§ WORK TO COMPLETE
Leave the pictures out, and repeat exactly every line from the one with "Anime Aesthetic Girl" through the end of the data below.

§ GIVEN MATERIAL
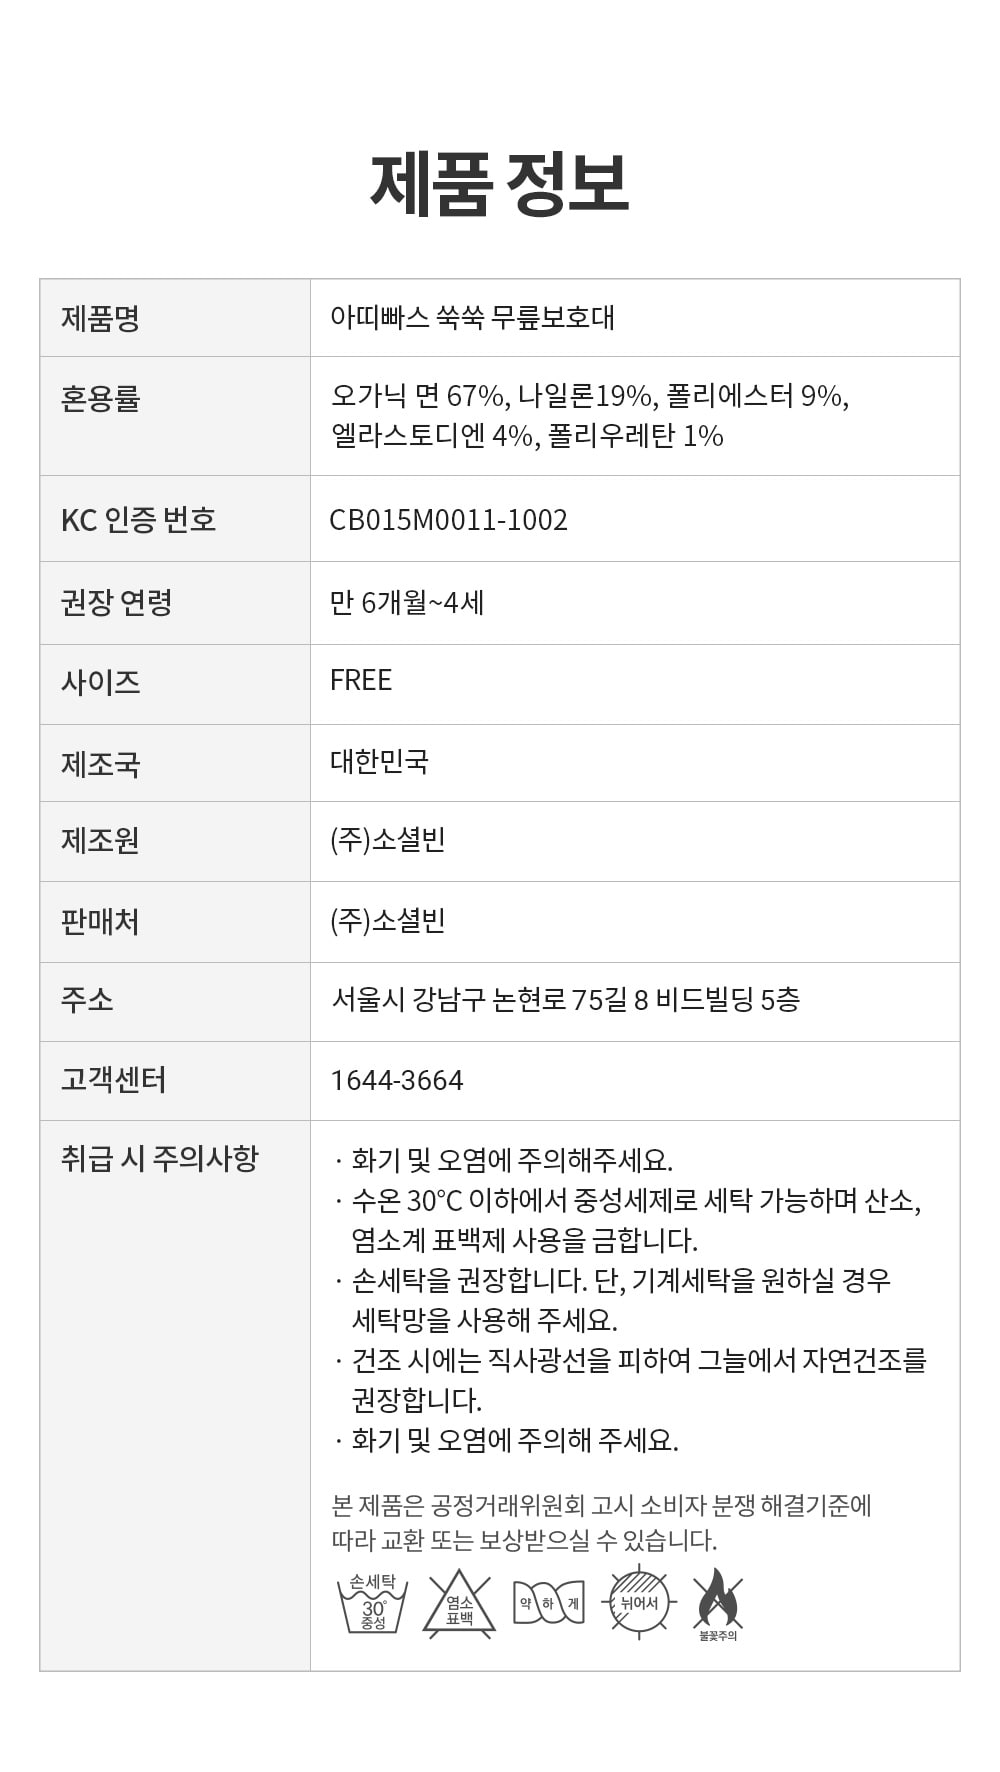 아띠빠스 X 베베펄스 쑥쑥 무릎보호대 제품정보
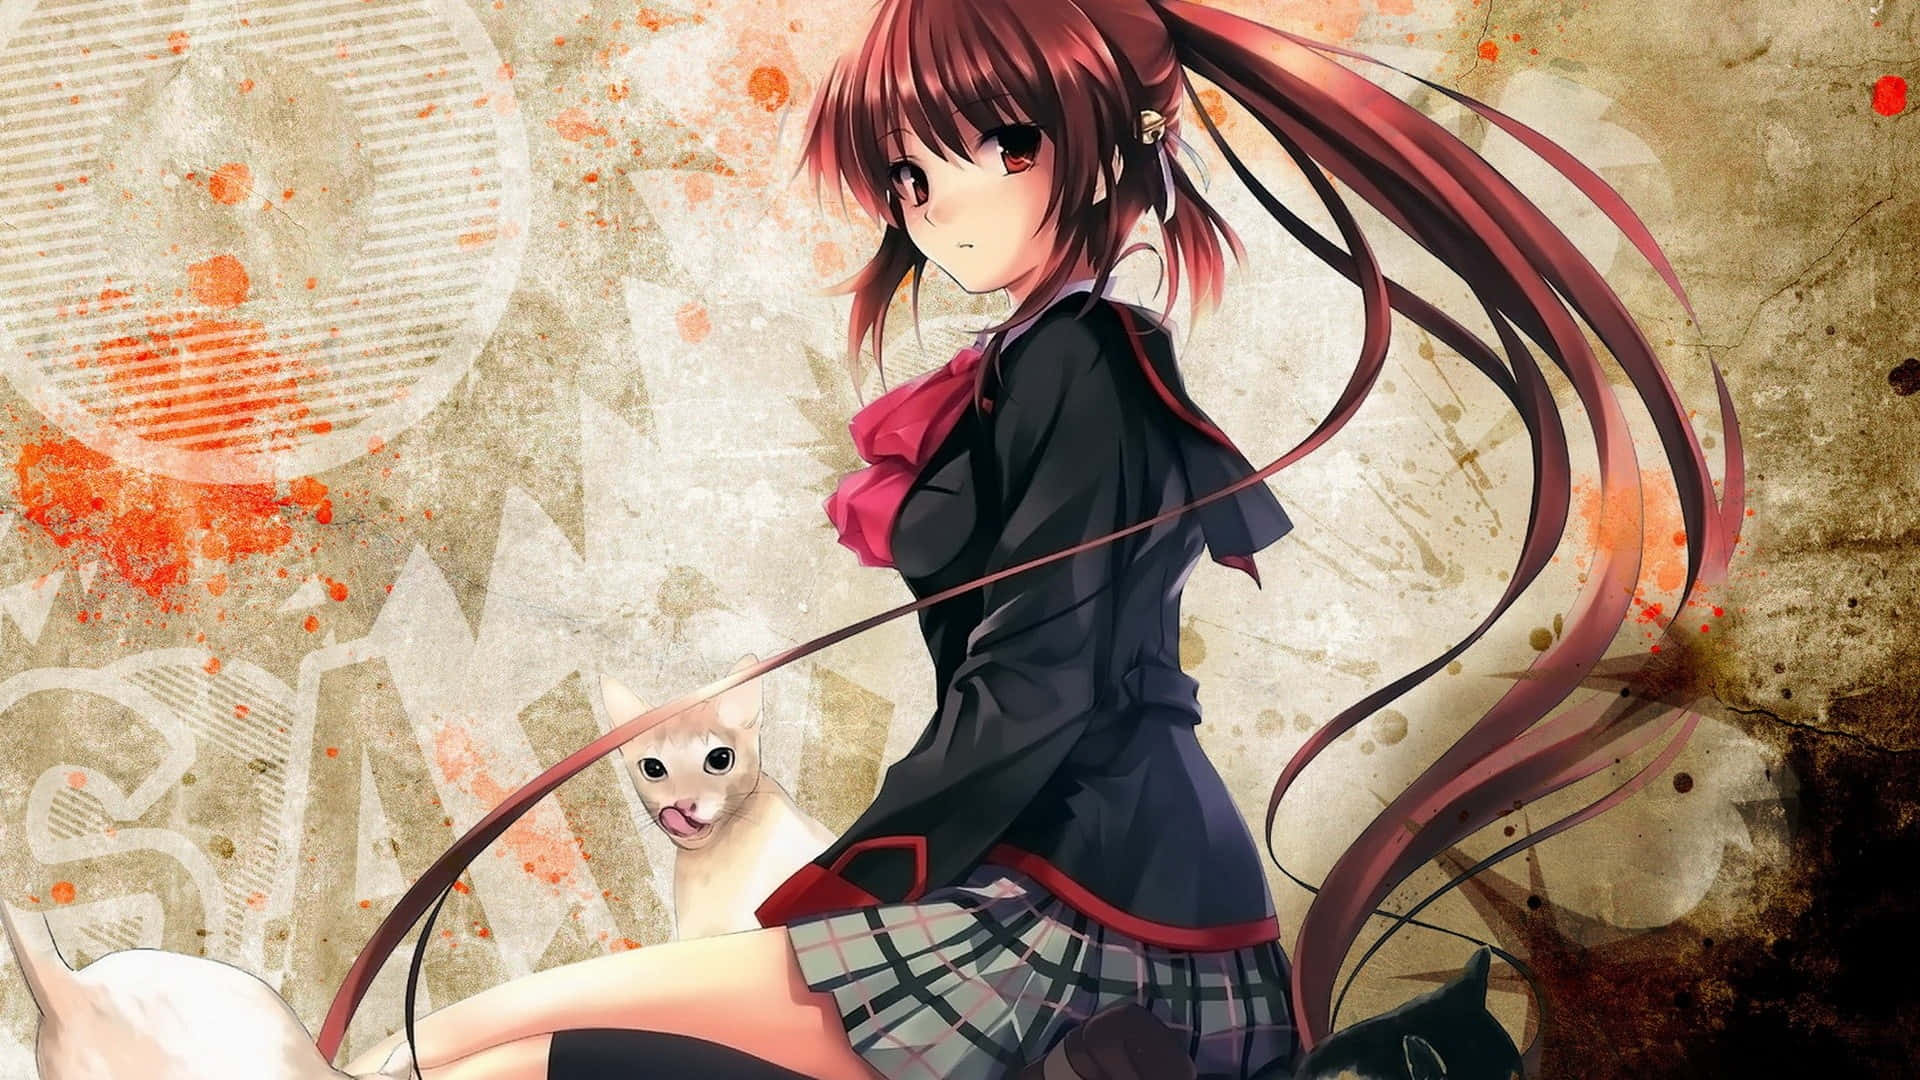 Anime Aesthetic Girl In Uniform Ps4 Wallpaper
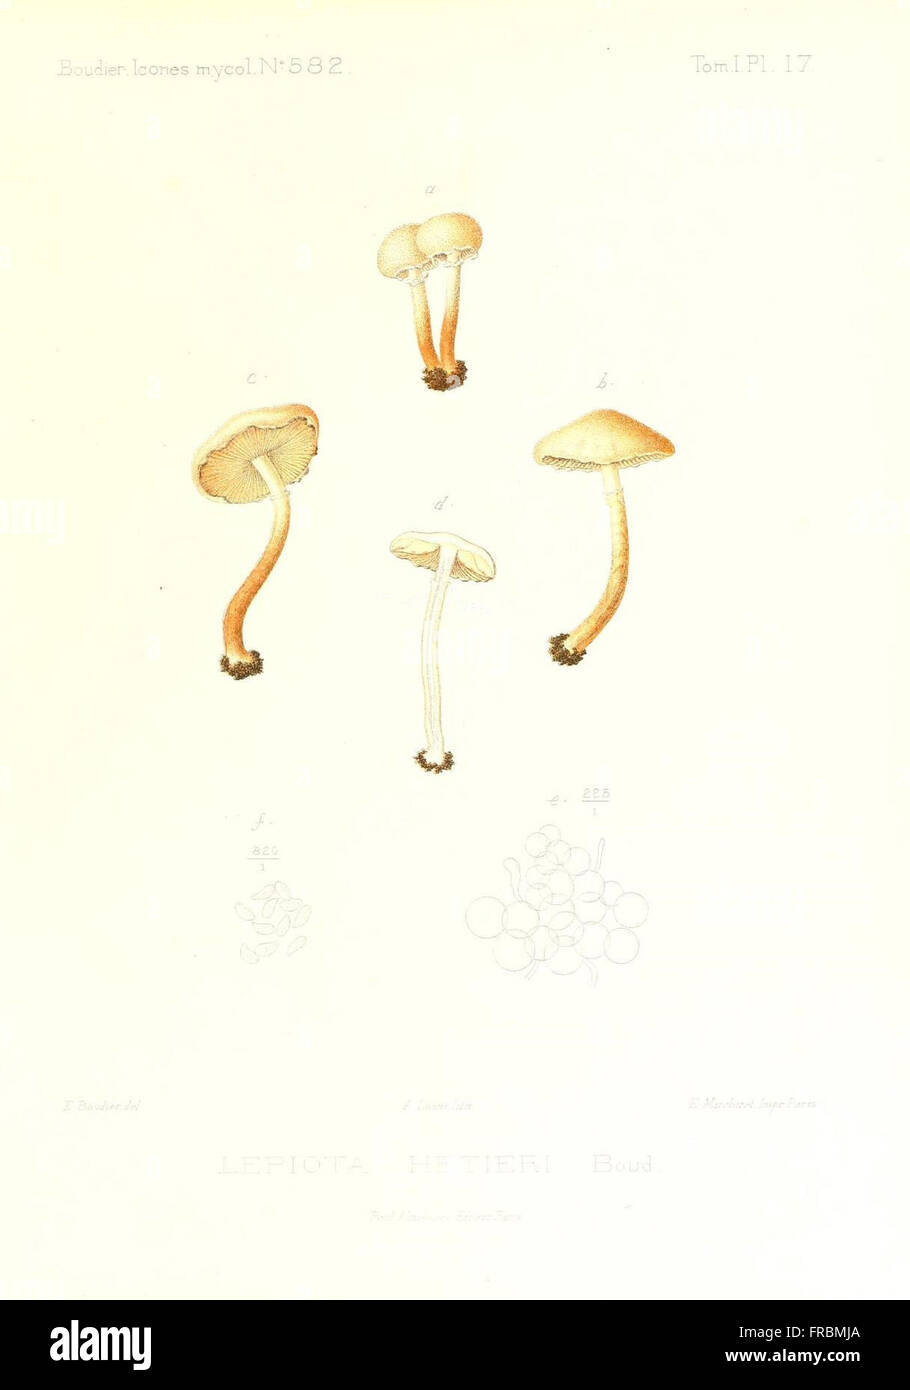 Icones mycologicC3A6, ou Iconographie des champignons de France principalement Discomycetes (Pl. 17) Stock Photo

§ TASK RESULT
 Anime Aesthetic Girl In Uniform Ps4 Wallpaper
 Icones mycologicC3A6, ou Iconographie des champignons de France principalement Discomycetes (Pl. 17) Stock Photo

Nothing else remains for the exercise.